The synthesis of polymers, where monomers react and become covalently bonded with one another through the loss of a water molecule.
Condensation reactions in polymer chemistry
In polymer chemistry, a series of condensation reactions take place whereby monomers or monomer chains add to each other to form longer chains. This may also be termed as 'condensation polymerization' or 'step-growth polymerization'. It occurs either as a homopolymerization of an A-B monomer or a polymerization of two co-monomers A-A and B-B. Small molecule condensates are usually liberated, unlike in polyaddition where there is no liberation of small molecules.
A high conversion rate is required to achieve high molecular weights as per Carother's equation.

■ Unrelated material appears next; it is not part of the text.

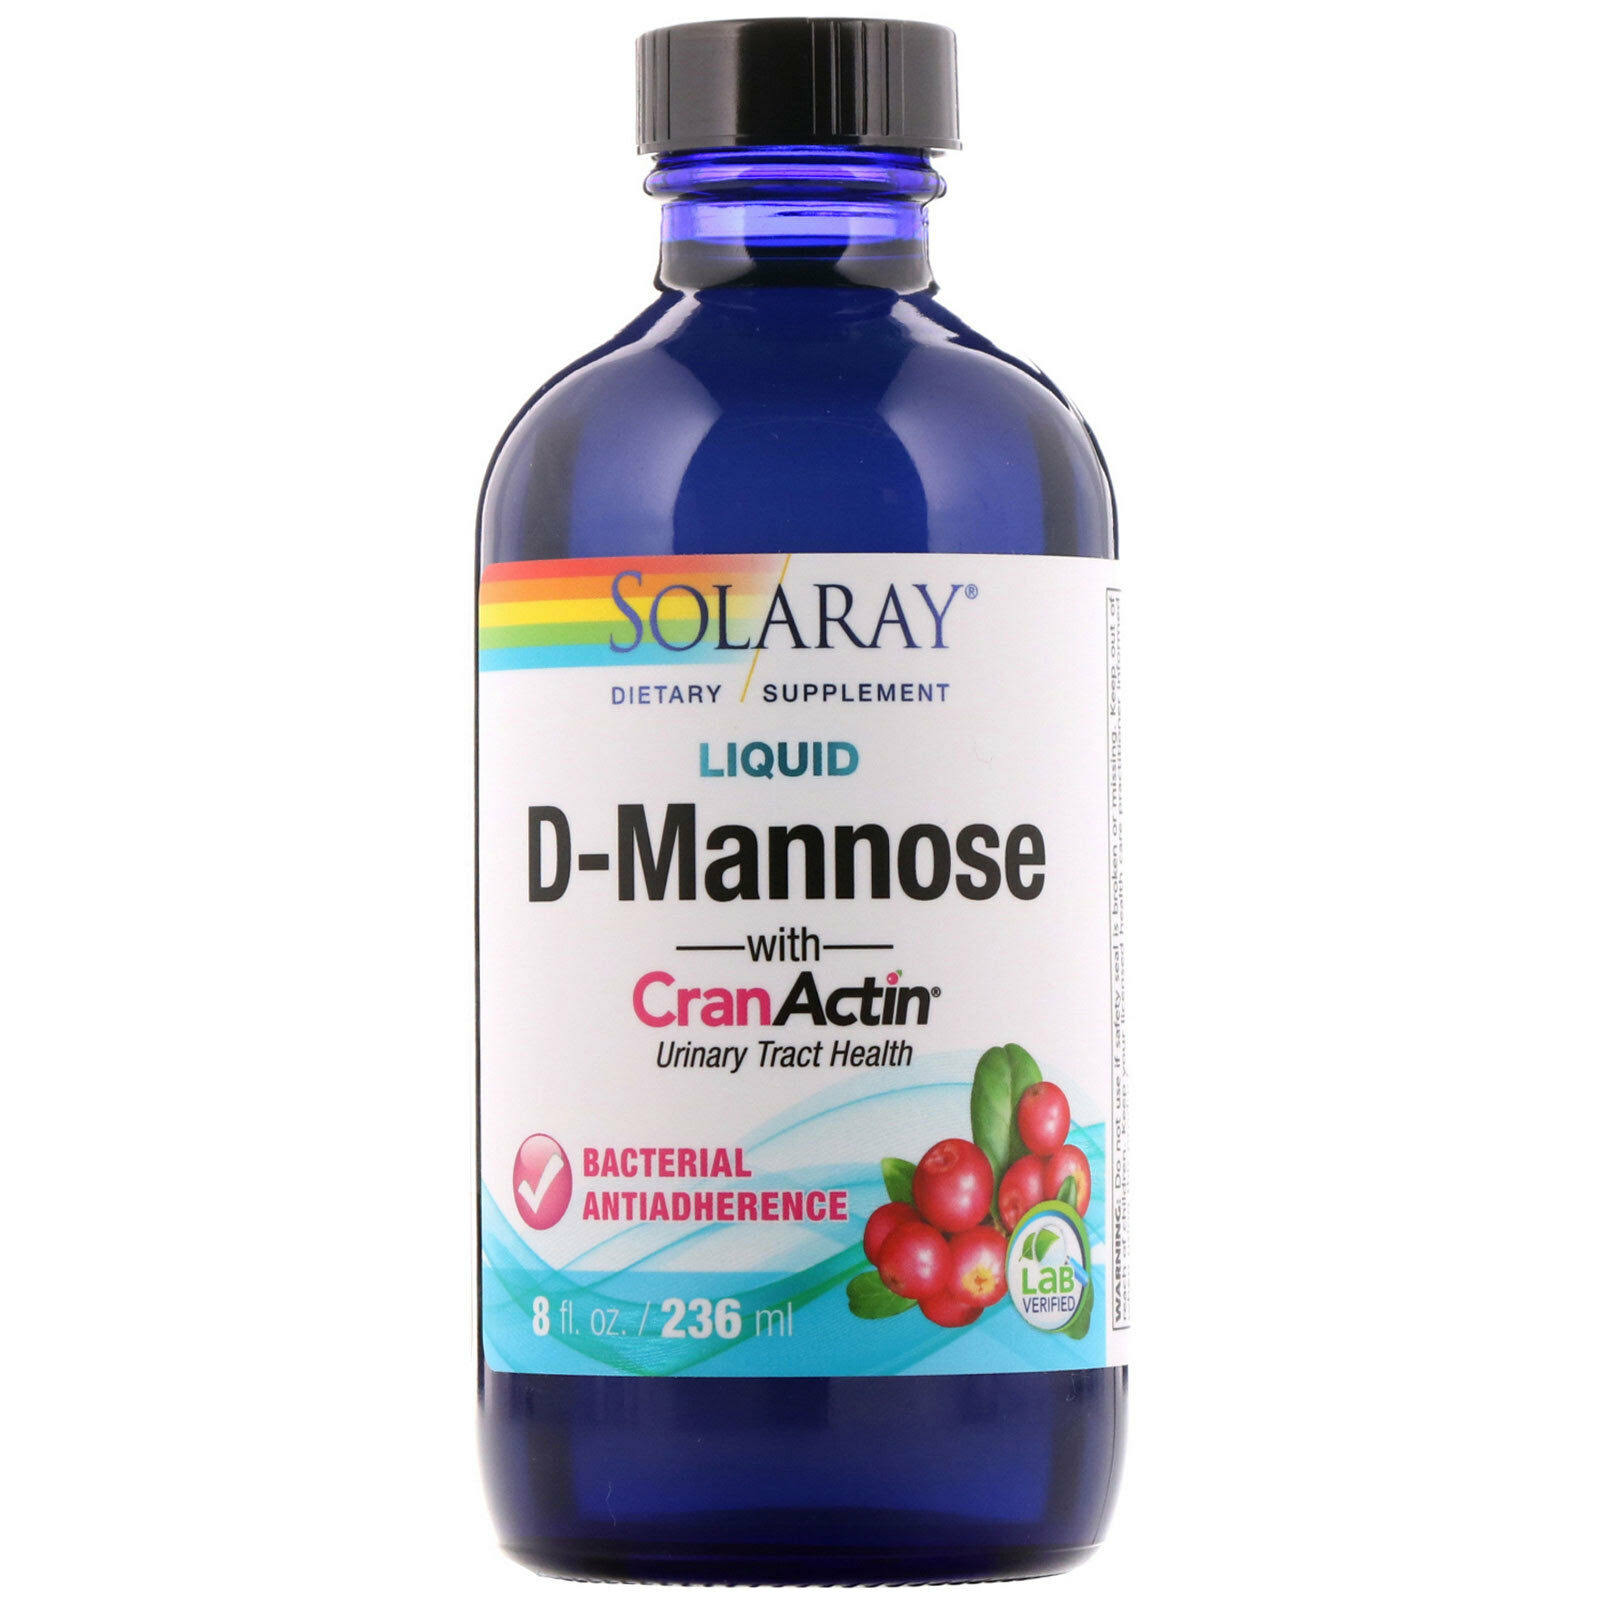 Solaray liquid d-mannose with cranactin 8 fl oz 236 ml

In general, condensation polymers form more slowly than addition polymers, often requiring heat. They are generally lower in molecular weight. Monomers are consumed early in the reaction; the terminal functional groups remain active throughout and short chains combine to form longer chains. Bifunctional monomers lead to linear chains (and therefore thermoplastic polymers), but when the monomer functionality exceeds two, the product is a thermoset polymer.
Applications
This type of reaction is used as a basis for the making of many important polymers for example: nylon, polyester and other condensation polymers and various epoxies. It is also the basis for the laboratory formation of silicates and polyphosphates. The reactions that form acid anhydrides from their constituent acids are typically condensation reactions. Other organic condensation reactions are Aldol condensations, self-condensation, the acyloin condensation and the benzoin condensation.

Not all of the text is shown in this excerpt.